Extra: working with release branches
Occasionally, one may wish to apply a specific commit from another branch onto
the current branch. Supposedly there was debate about including this
functionality into git at all (though one can beat on the tool to do pretty
much anything, especially with git rebase
), but I have found it very useful
in managing release branches. A release branch is a branch which is
expected to be slower-moving than master; generally, it only receives new
commits for bugfixes, and eventually it stops being supported.
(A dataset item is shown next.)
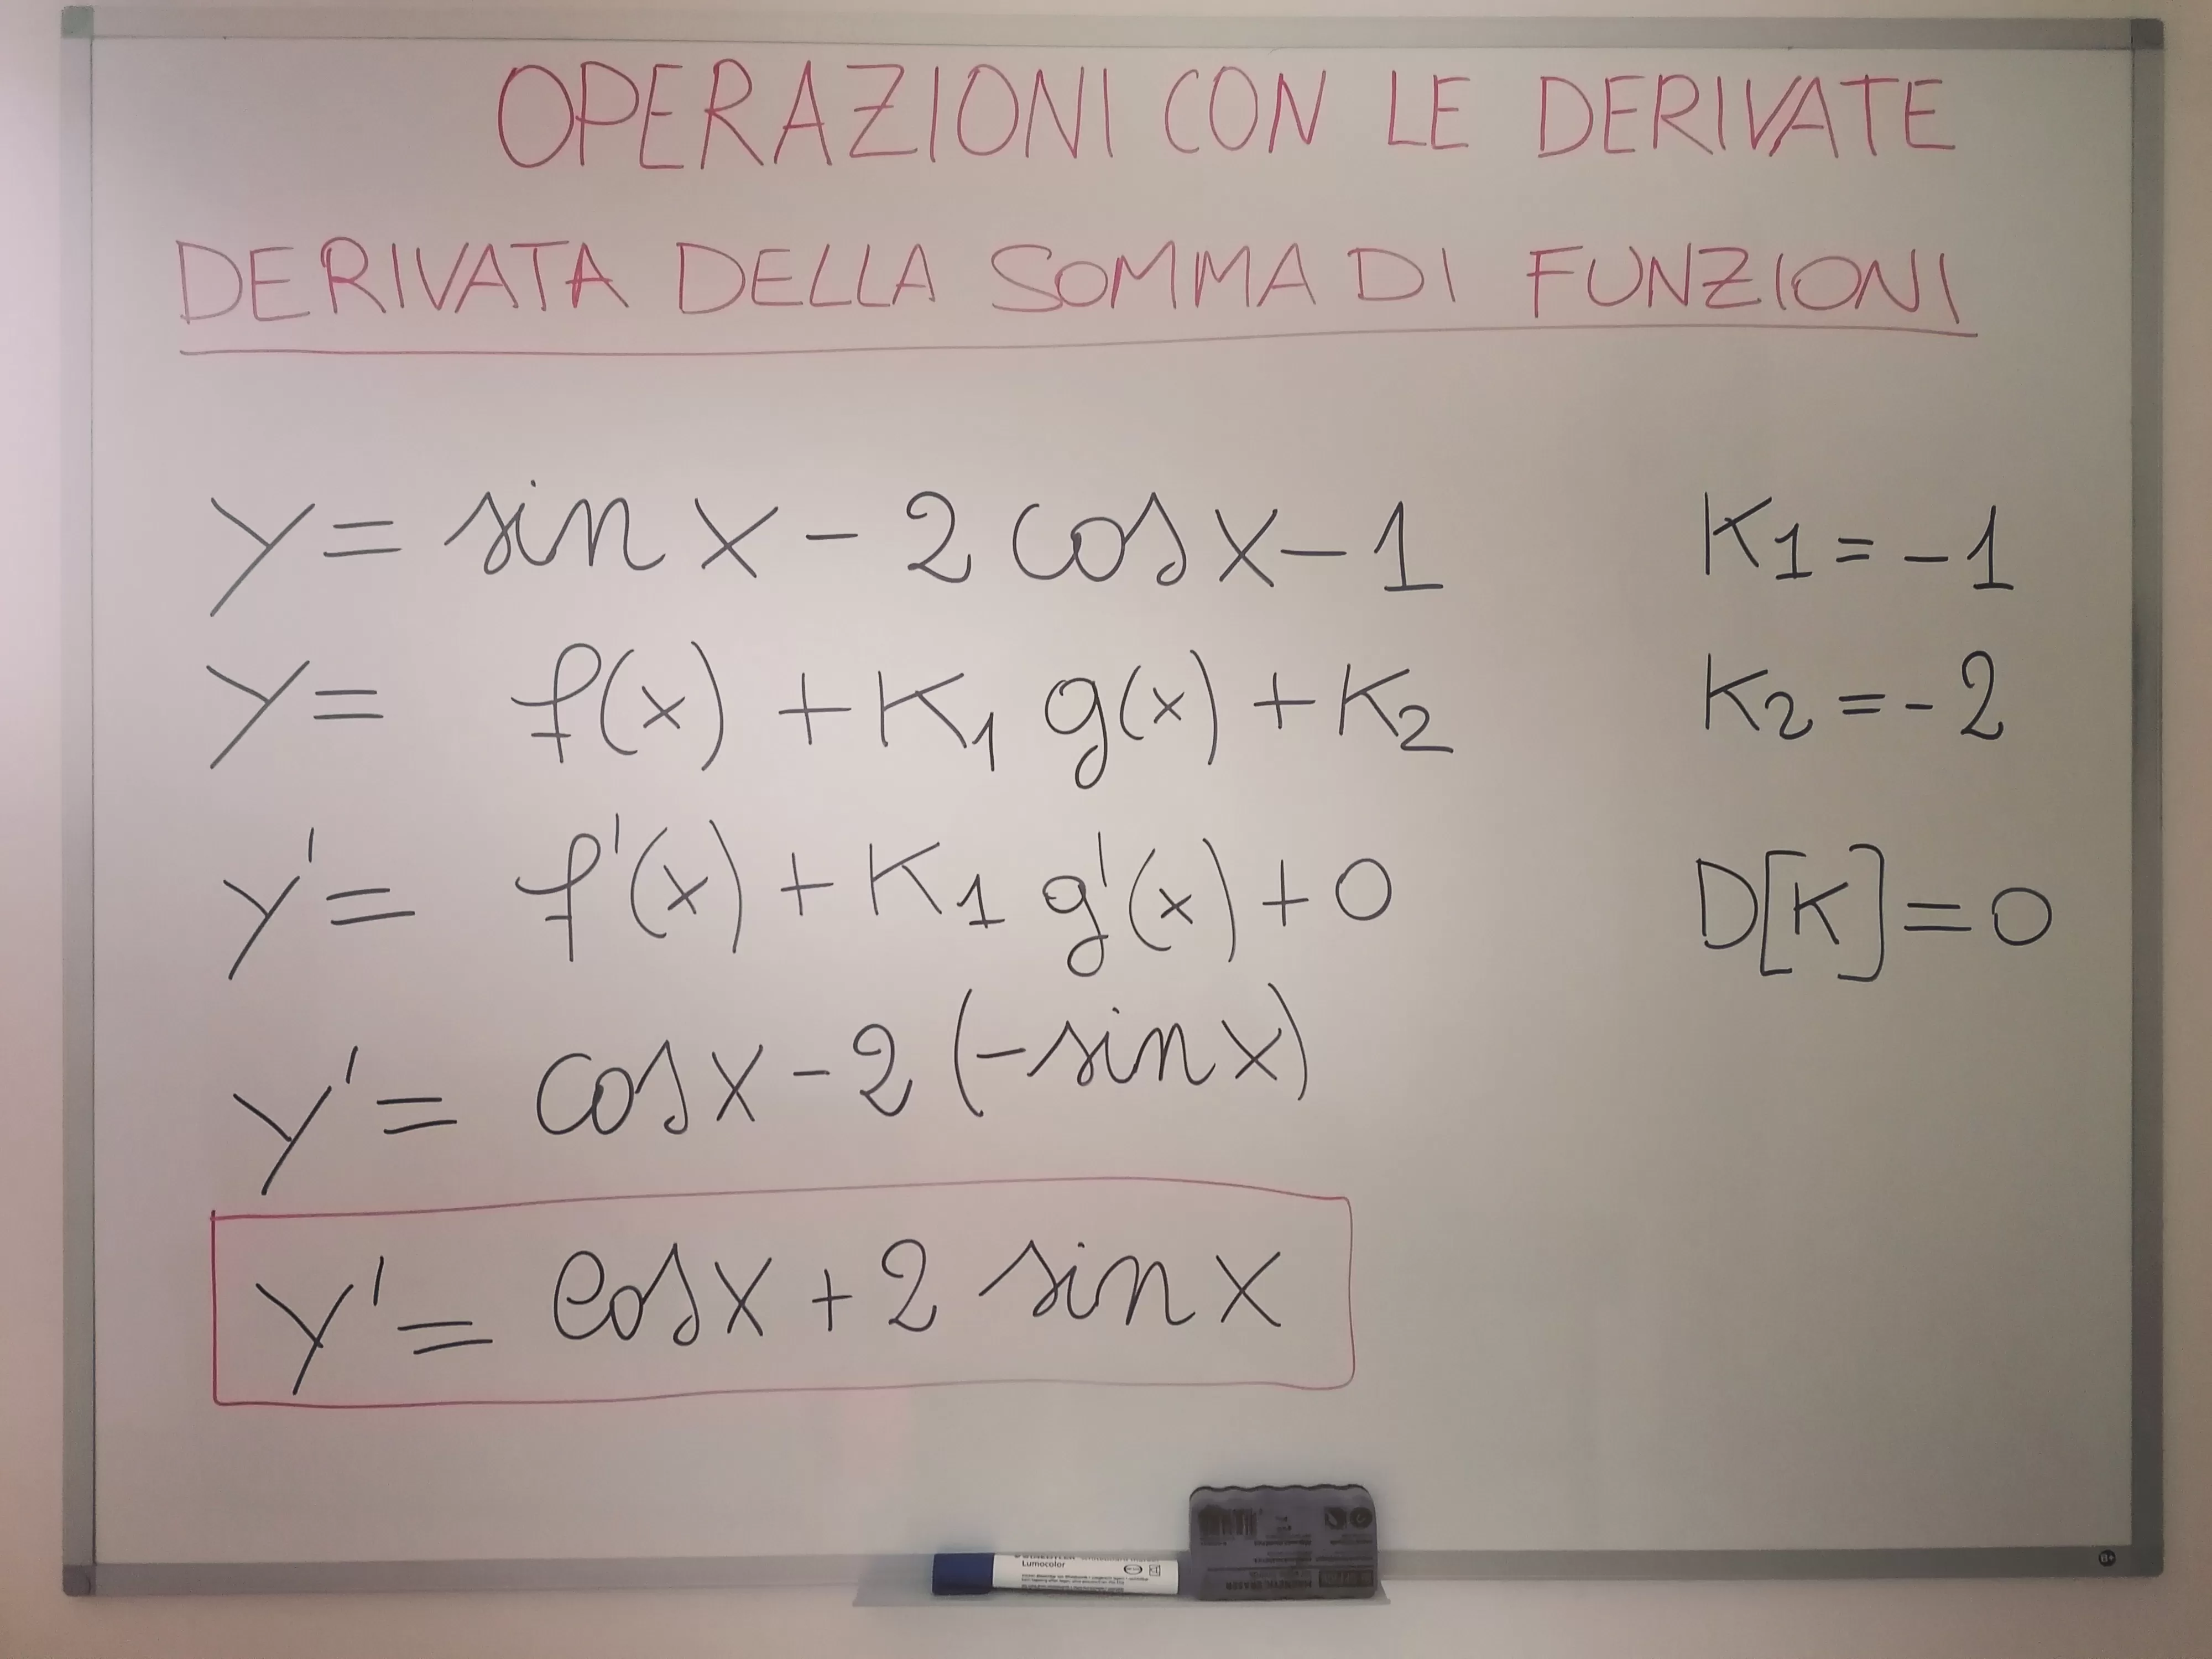 Calcola la derivata di y=sin(x) - 2 cos(x)-1

Typically, these bugfixes will land in the master branch first, and then the
stable branch maintainer will apply them. The invocation is git cherry-pick
-x commithash
(where commithash is of course the hash of the target commit,
or a pointer to it, or a commit range). I recommend the use of “-x”, which
will record the commit hash we cherry-picked from in the new commit. Remember
that since commits include parent information, this will not be the same hash.
Extra: stash
Certain git operations demand full control over the tree and will complain if there are changes which have not been committed. The easiest things to do are of course commit the changes or discard them, but sometimes this isn’t possible.
Enter git stash
. Running this command creates a temporary commit with your
changes. One can then perform the persnickety operation, and then run git
stash pop
to restore the changes.
This is a very “hold my beer” kind of operation: its very common to push a stash and forget to pop it later. Since there are no commit messages logged, these are almost always incomprehensible when discovered. Incidentally, it is possible to make multiple stash commits, and they function as a stack; I do not recommend it.
Final thoughts
This is pretty much all of the git I use regularly. There is of course more out there. A lot more, actually:
frozencemetery@kirtar:~$ apropos ^git | wc -l
187
Historically, git has become extremely prevalent due to its speed. Its user interface is not intuitive at all; the user must be aware of its internal workings. The design did not believe in abstraction, and there are parts that were very clearly not designed as part of the whole. Please do not make software like this.